PROVIDED DATA ▸
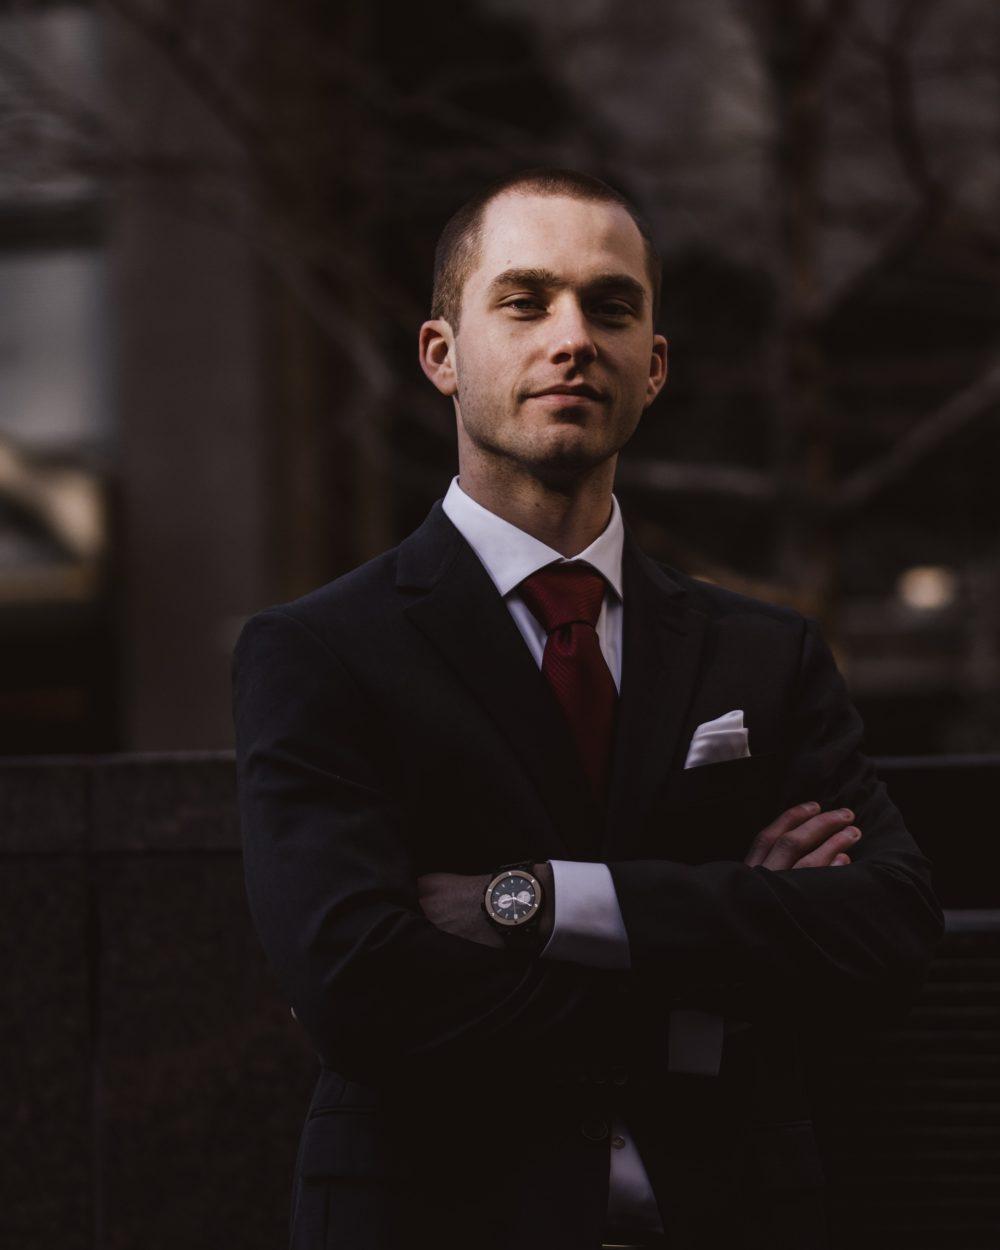 Successful HR management through HR software iExcel Hong Kong
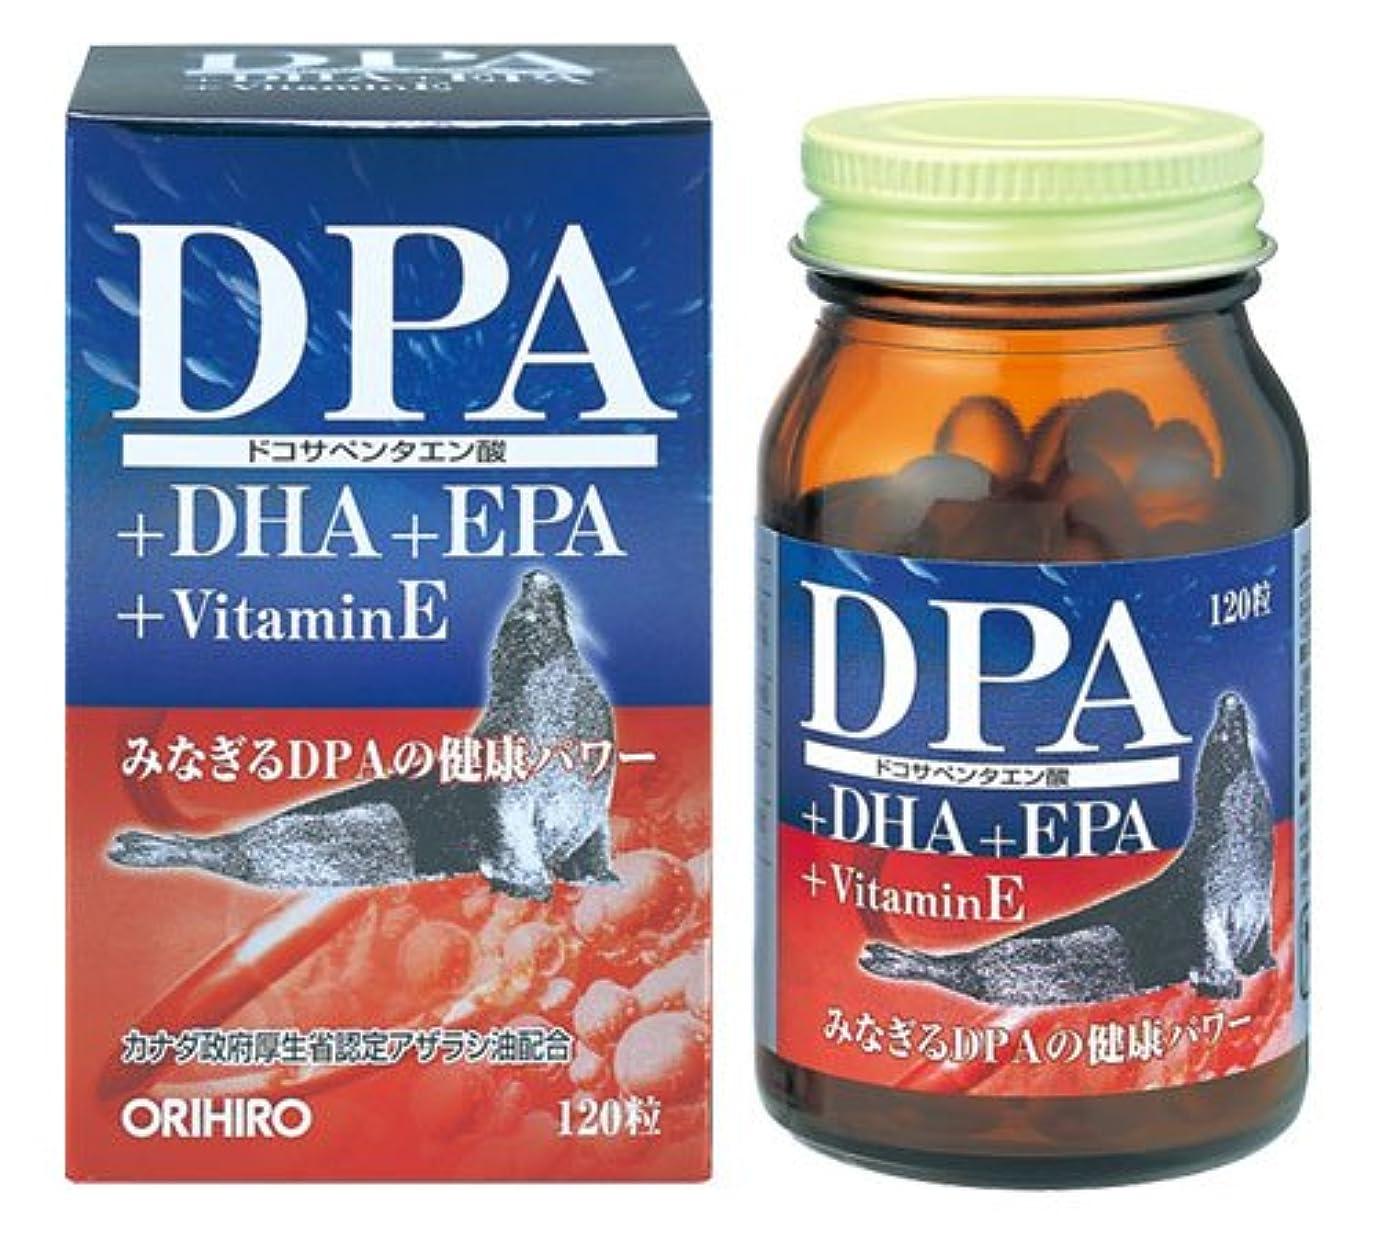 分子進化単調なDPA+DHA+EPAカプセル 120粒(約1ヶ月分)
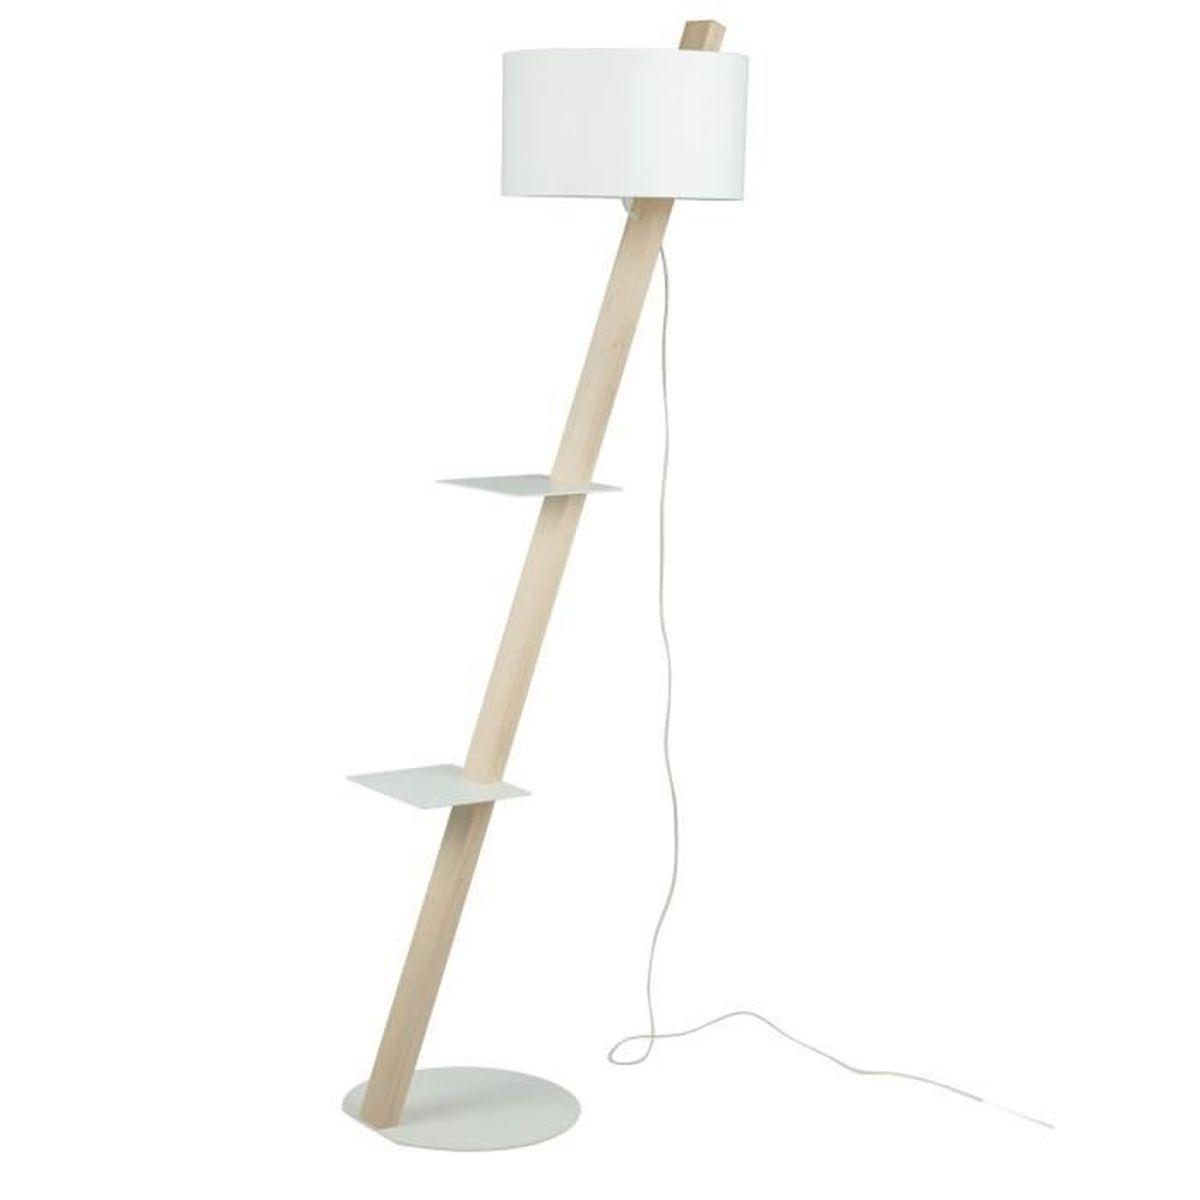 thecle lampadaire en bois h168cm avec tablettes blanches achat vente thecle lampadaire en. Black Bedroom Furniture Sets. Home Design Ideas

TASK DESCRIPTION ▸
Reproduce every line above exactly, pictures excluded.

RESULT OF THIS EXERCISE ▸
 Successful HR management through HR software iExcel Hong Kong
 分子進化単調なDPA+DHA+EPAカプセル 120粒(約1ヶ月分)
 thecle lampadaire en bois h168cm avec tablettes blanches achat vente thecle lampadaire en. Black Bedroom Furniture Sets. Home Design Ideas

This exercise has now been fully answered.